= Prostate cancer staging =

Process of categorizing cancer risk

Prostate cancer staging is the process by which physicians categorize the risk of cancer having spread beyond the prostate, or equivalently, the probability of being cured with local therapies such as surgery or radiation. Once patients are placed in prognostic categories, this information can contribute to the selection of an optimal approach to treatment. Prostate cancer stage can be assessed by either clinical or pathological staging methods. Clinical staging usually occurs before the first treatment and tumour presence is determined through imaging and rectal examination, while pathological staging is done after treatment once a biopsy is performed or the prostate is removed by looking at the cell types within the sample.

There are two schemes commonly used to stage prostate cancer in the United States. The most common is promulgated by the American Joint Committee on Cancer (AJCC), and is known as the TNM system, which evaluates the size of the tumor, the extent of involved lymph nodes, and any metastasis (distant spread) and also takes into account cancer grade. As with many other cancers, these are often grouped into four stages (I–IV). Another scheme that was used in the past was Whitmore-Jewett staging, although TNM staging is more common in modern practice.

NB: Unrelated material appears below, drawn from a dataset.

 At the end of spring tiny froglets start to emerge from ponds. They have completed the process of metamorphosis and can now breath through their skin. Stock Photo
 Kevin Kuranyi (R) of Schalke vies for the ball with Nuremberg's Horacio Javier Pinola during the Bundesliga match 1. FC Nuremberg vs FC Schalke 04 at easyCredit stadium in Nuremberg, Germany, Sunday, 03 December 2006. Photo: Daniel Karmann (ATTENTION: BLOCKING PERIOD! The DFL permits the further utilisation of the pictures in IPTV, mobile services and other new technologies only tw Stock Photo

In the United Kingdom, the 5-tiered Cambridge Prognostic Group (CPG) is used, replacing a previous system that divided prostate cancer into three risk groups.

==TNM staging==

From the AJCC 7th edition and UICC 7th edition.

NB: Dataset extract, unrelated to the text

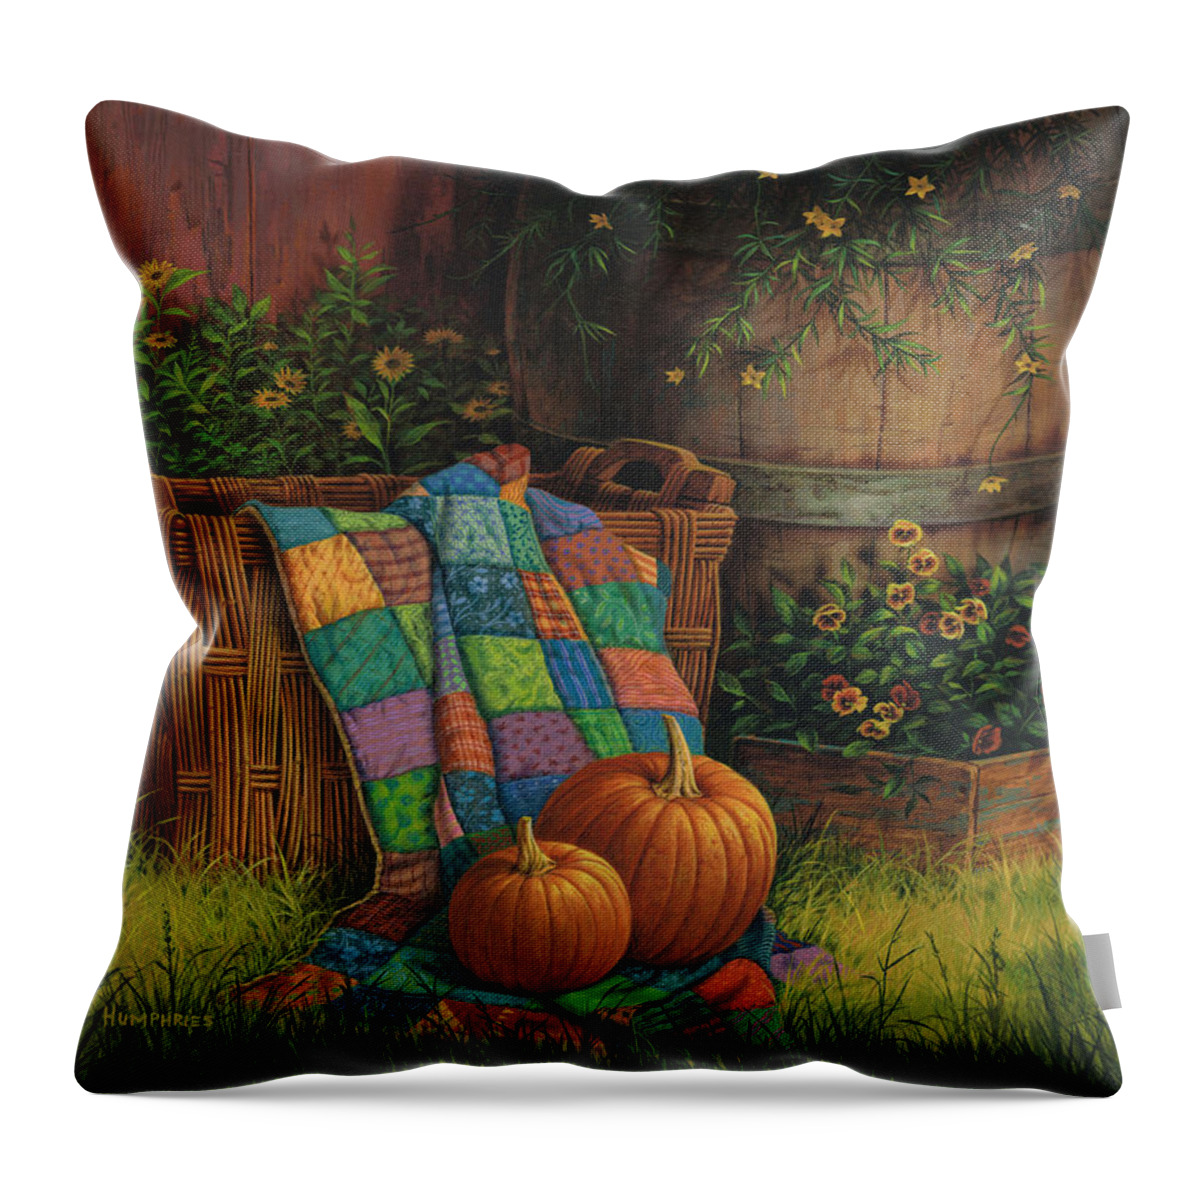 Michael Humphries Throw Pillow featuring the painting Pumpkins and Patches by Michael Humphries

Stage I disease is cancer that is found incidentally in a small part of the sample when prostate tissue is removed for other reasons, such as benign prostatic hyperplasia, and the cells closely resemble normal cells and the gland feels normal to the examining finger. In Stage II more of the prostate is involved and a lump can be felt within the gland. In Stage III, the tumor has spread through the prostatic capsule and the lump can be felt on the surface of the gland. In Stage IV disease, the tumor has invaded nearby structures or has spread to lymph nodes or other organs. The Gleason Grading System is based on cellular content and tissue architecture from biopsies, which provides an estimate of the destructive potential and ultimate prognosis of the disease.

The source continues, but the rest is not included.